WHAT THE TASK ASKS
With the pictures removed, write out the full listing below exactly.

THE DATA
== Segment start ==

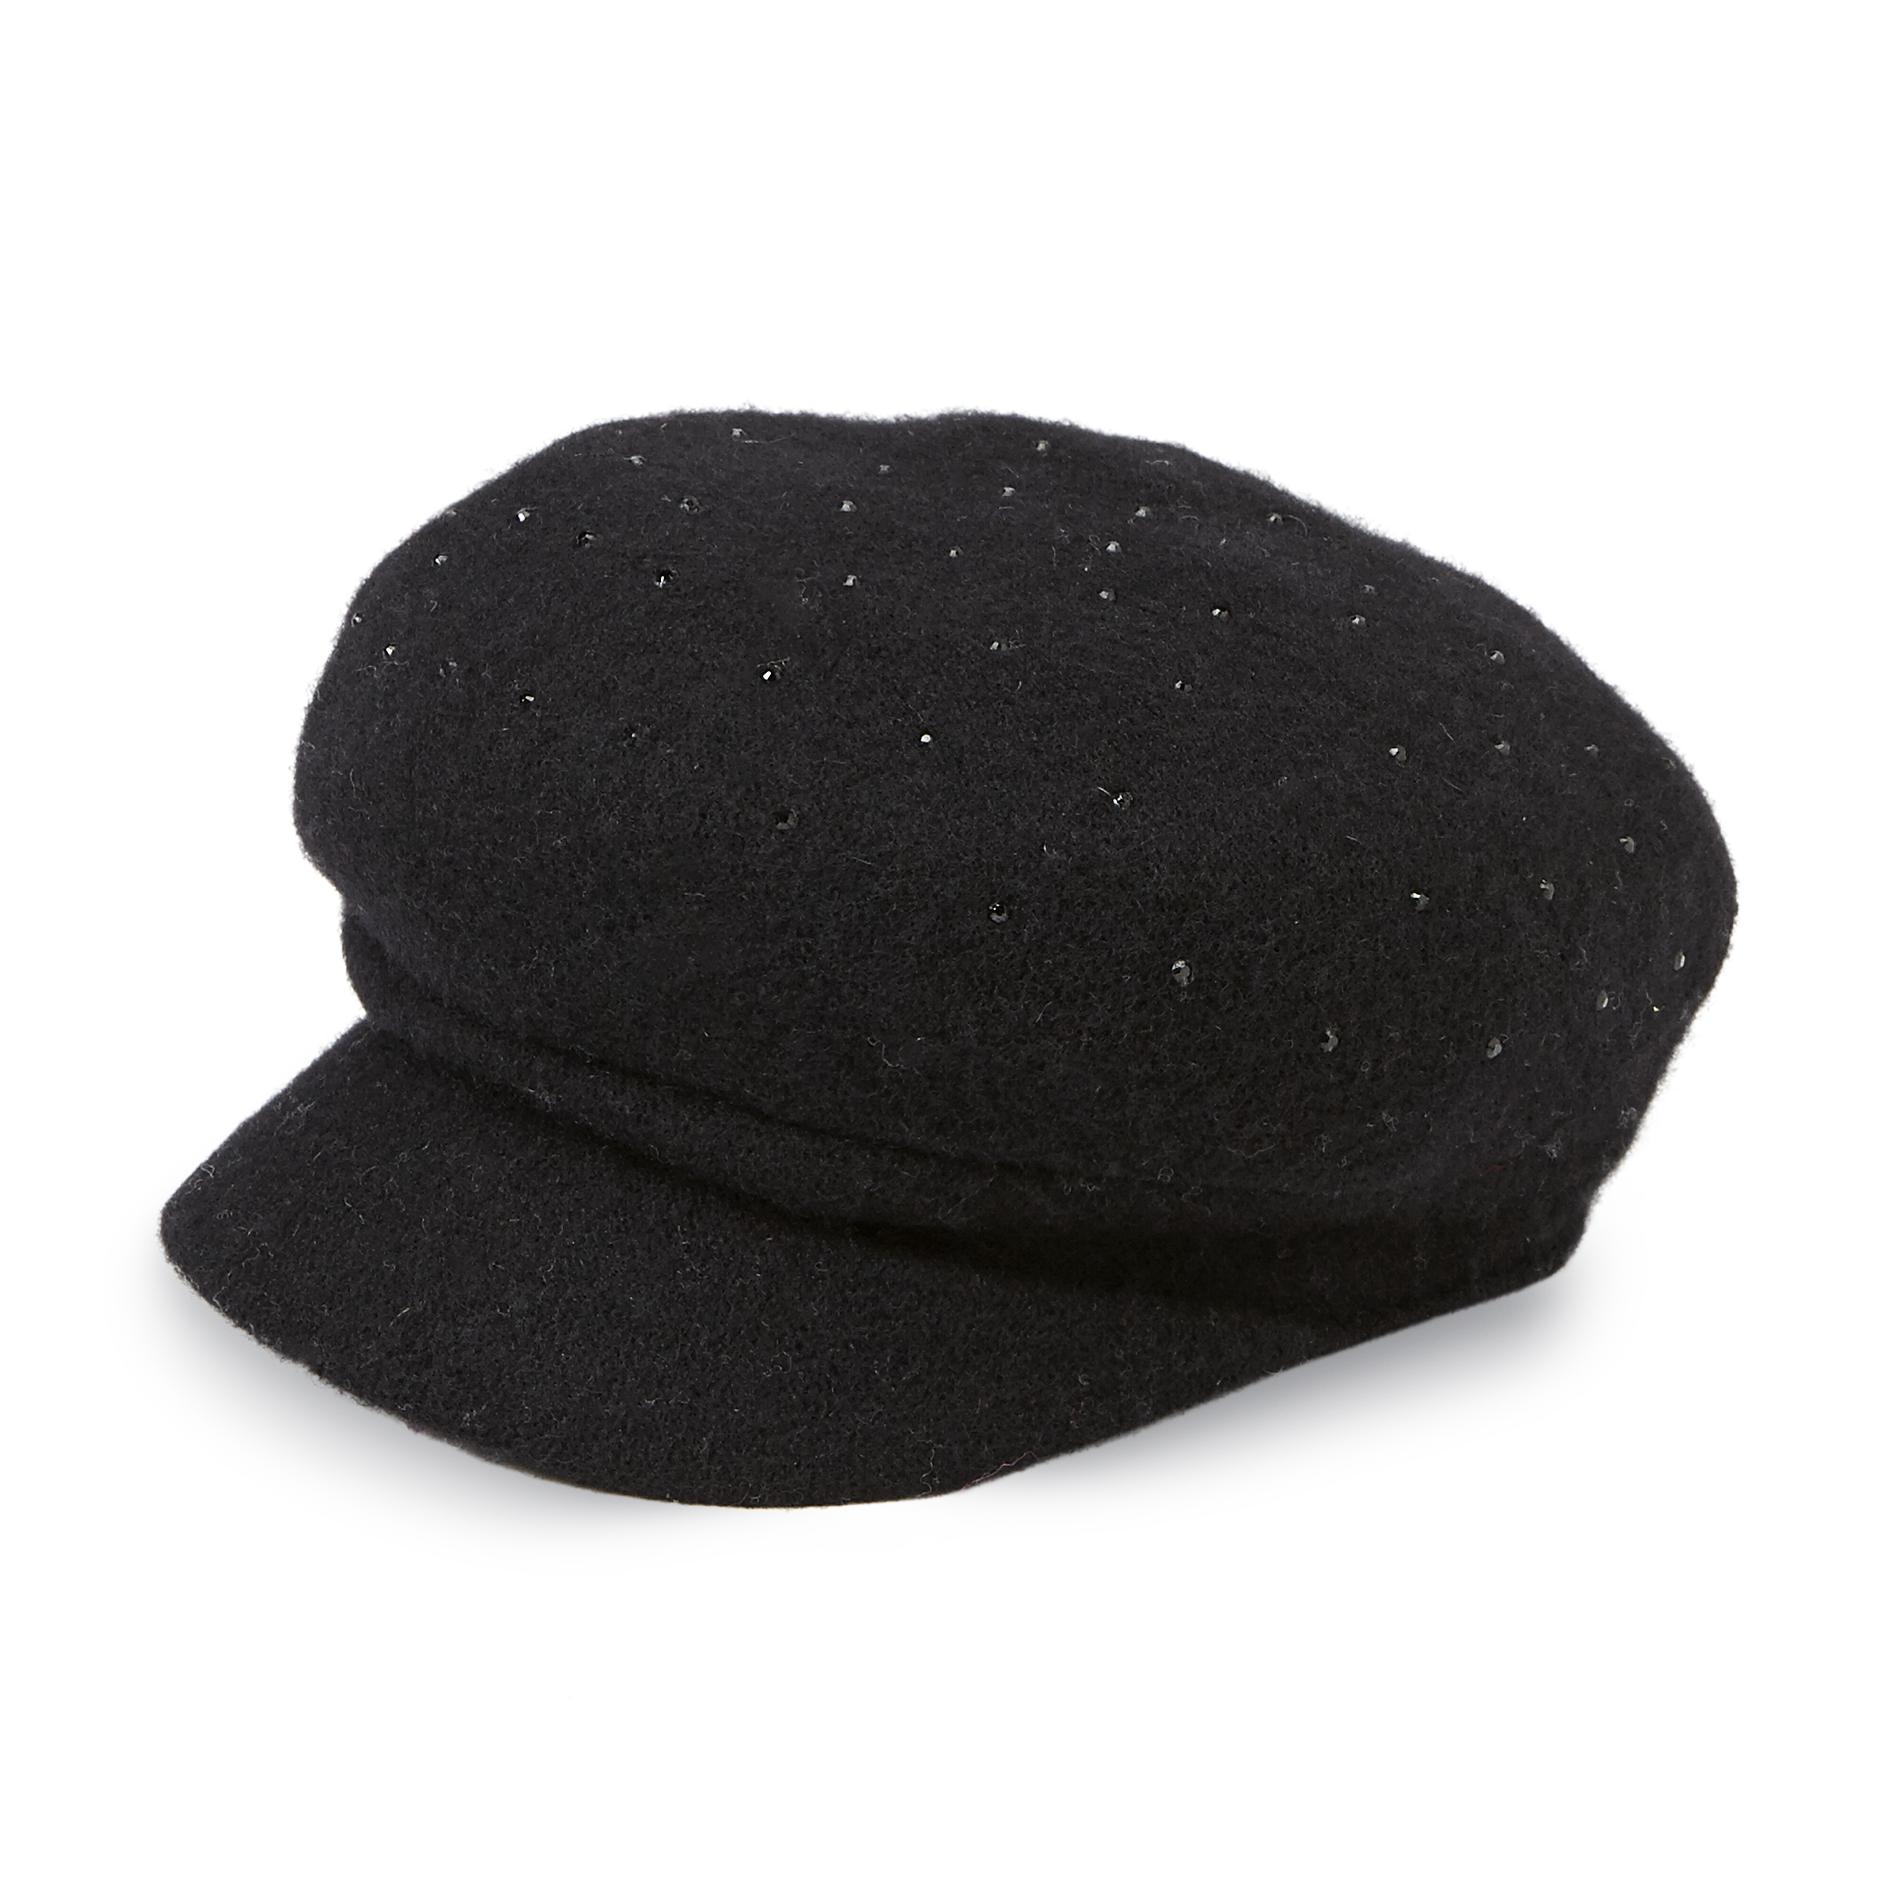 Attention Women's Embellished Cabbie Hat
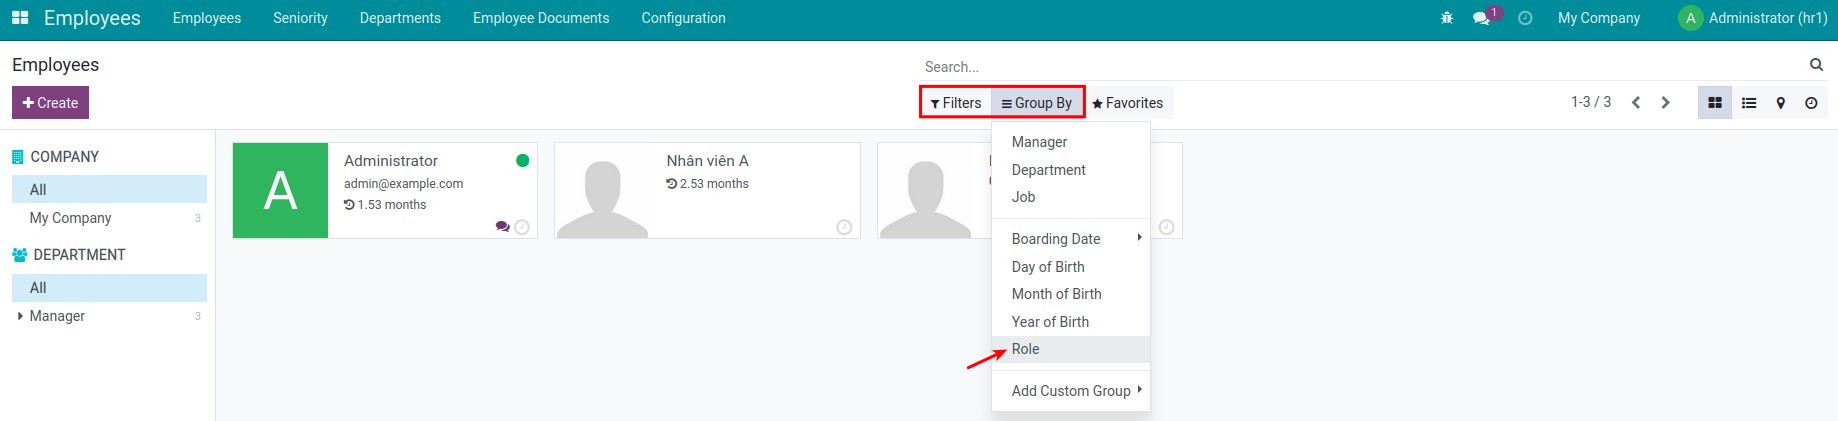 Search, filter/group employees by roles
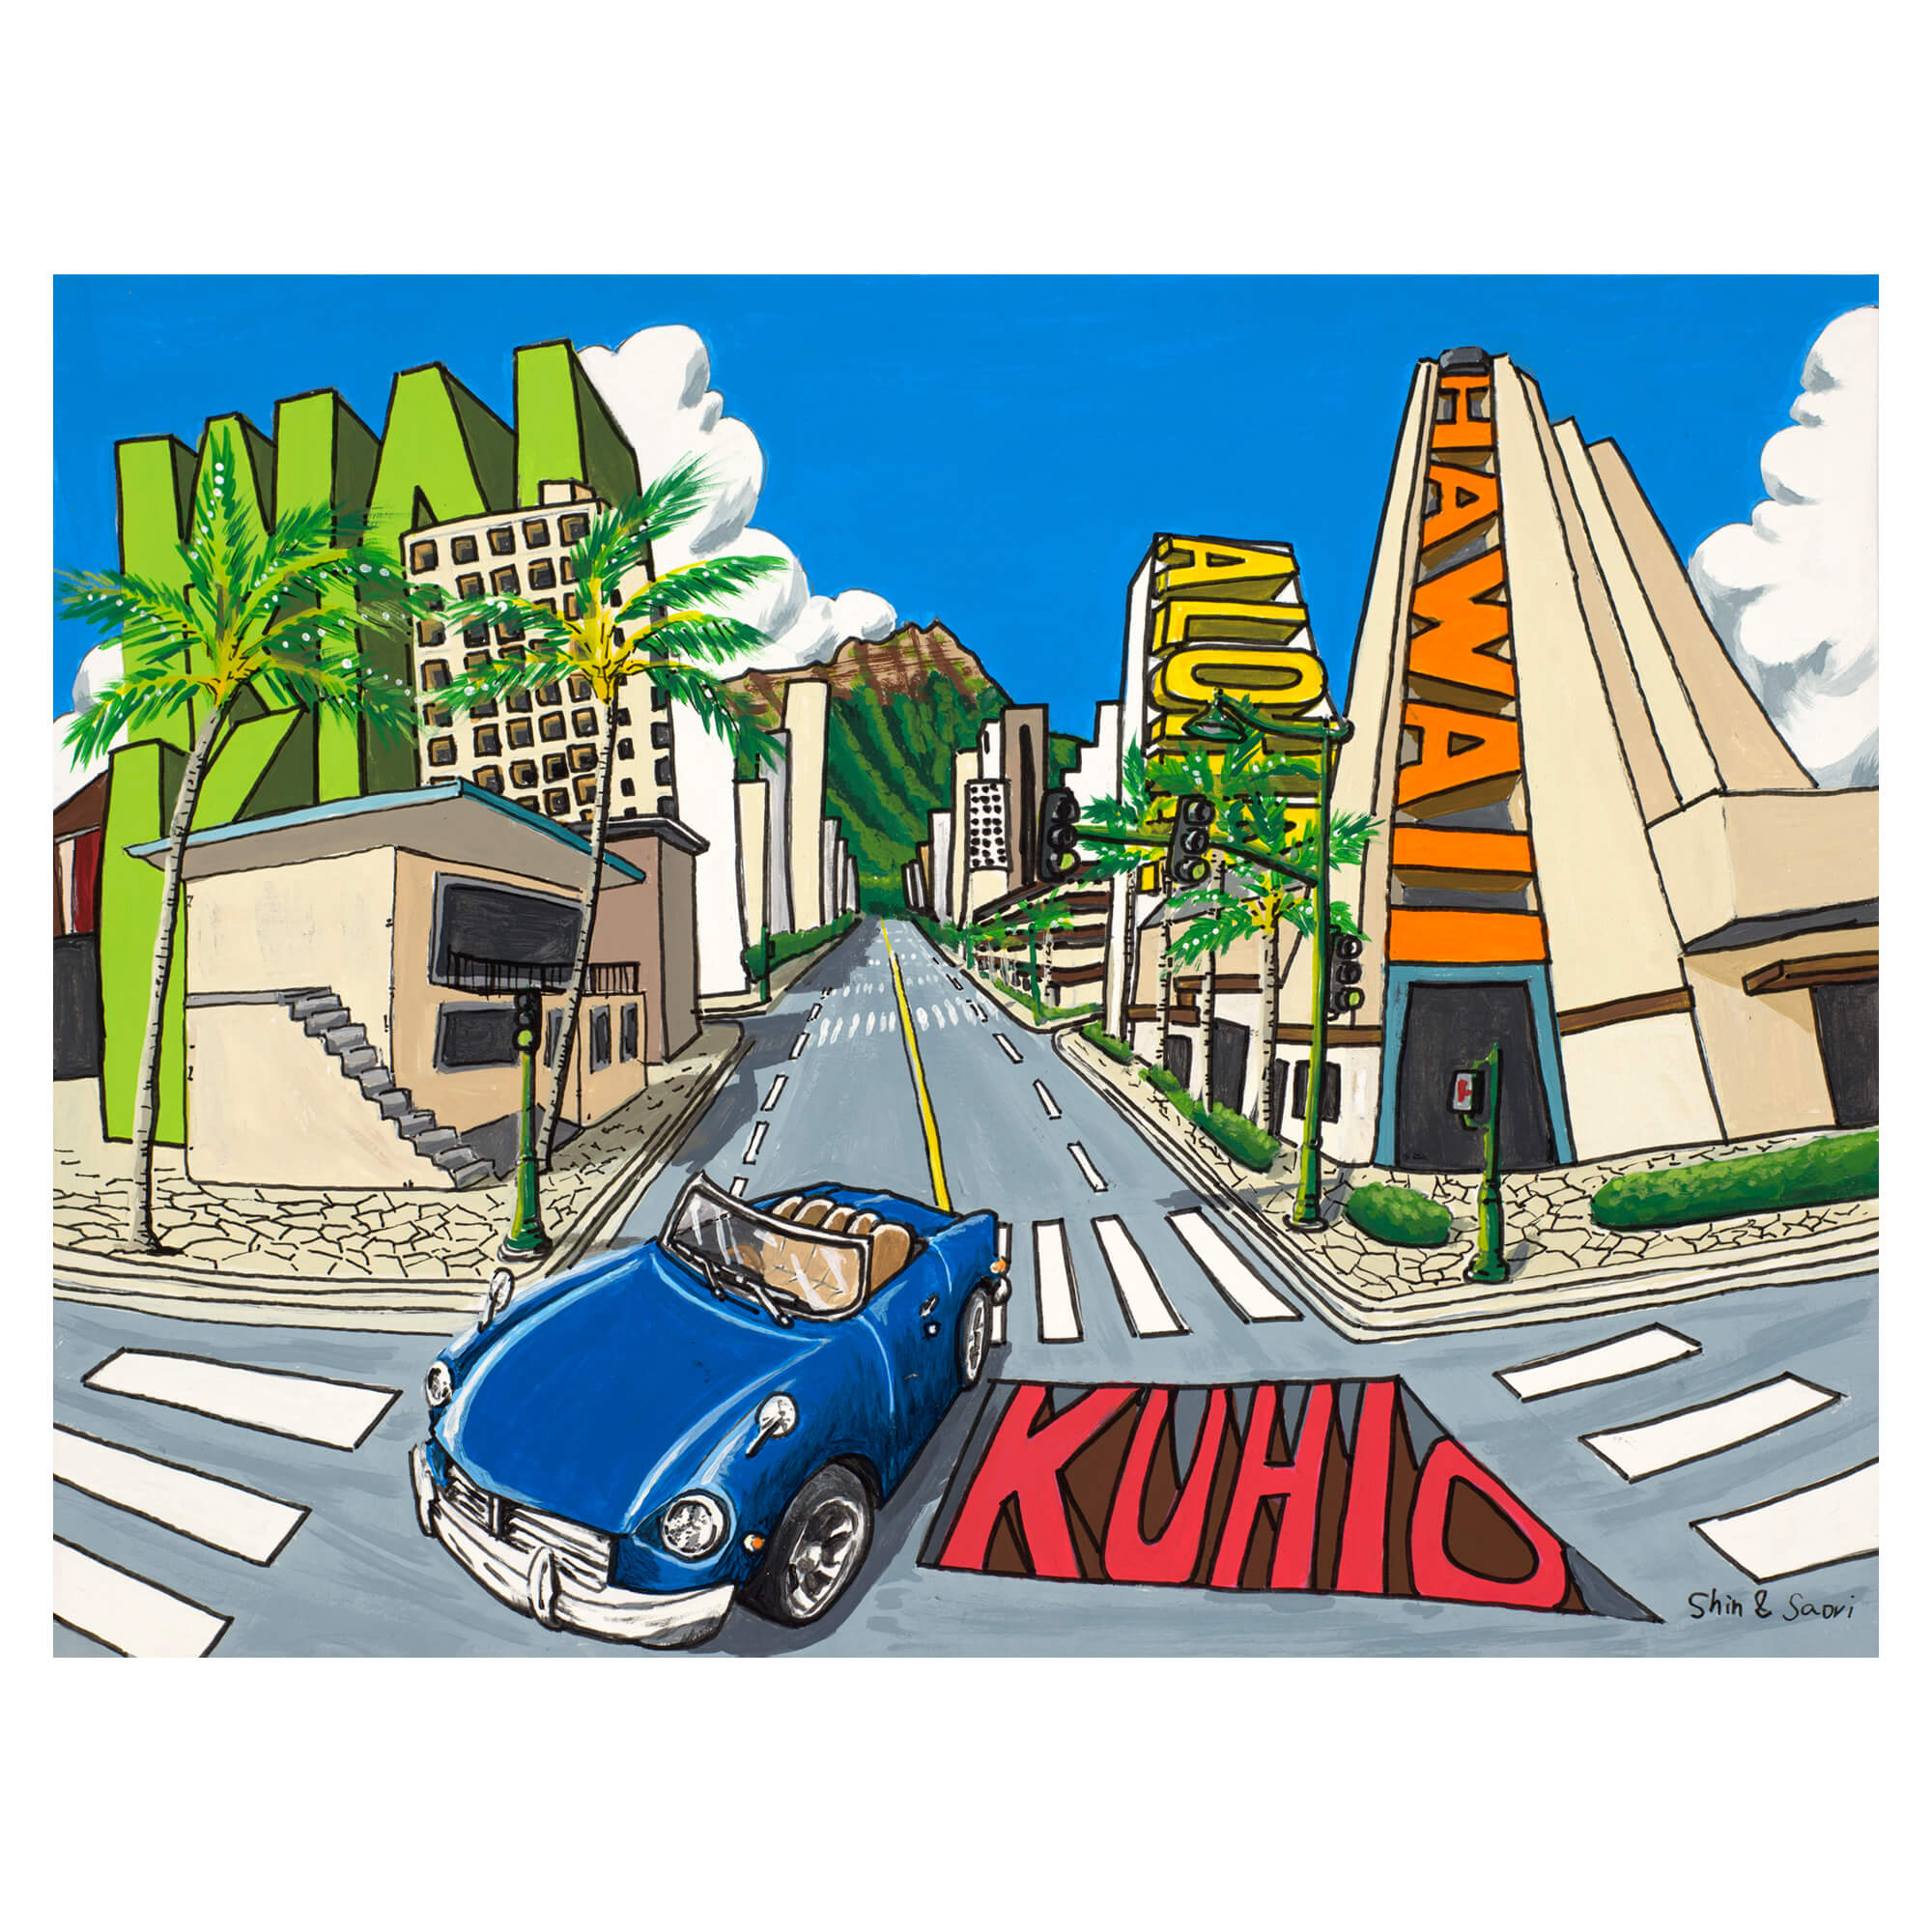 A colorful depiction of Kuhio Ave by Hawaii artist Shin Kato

== Segment end ==

EXERCISE ANSWER
 Attention Women's Embellished Cabbie Hat
 Search, filter/group employees by roles
 A colorful depiction of Kuhio Ave by Hawaii artist Shin Kato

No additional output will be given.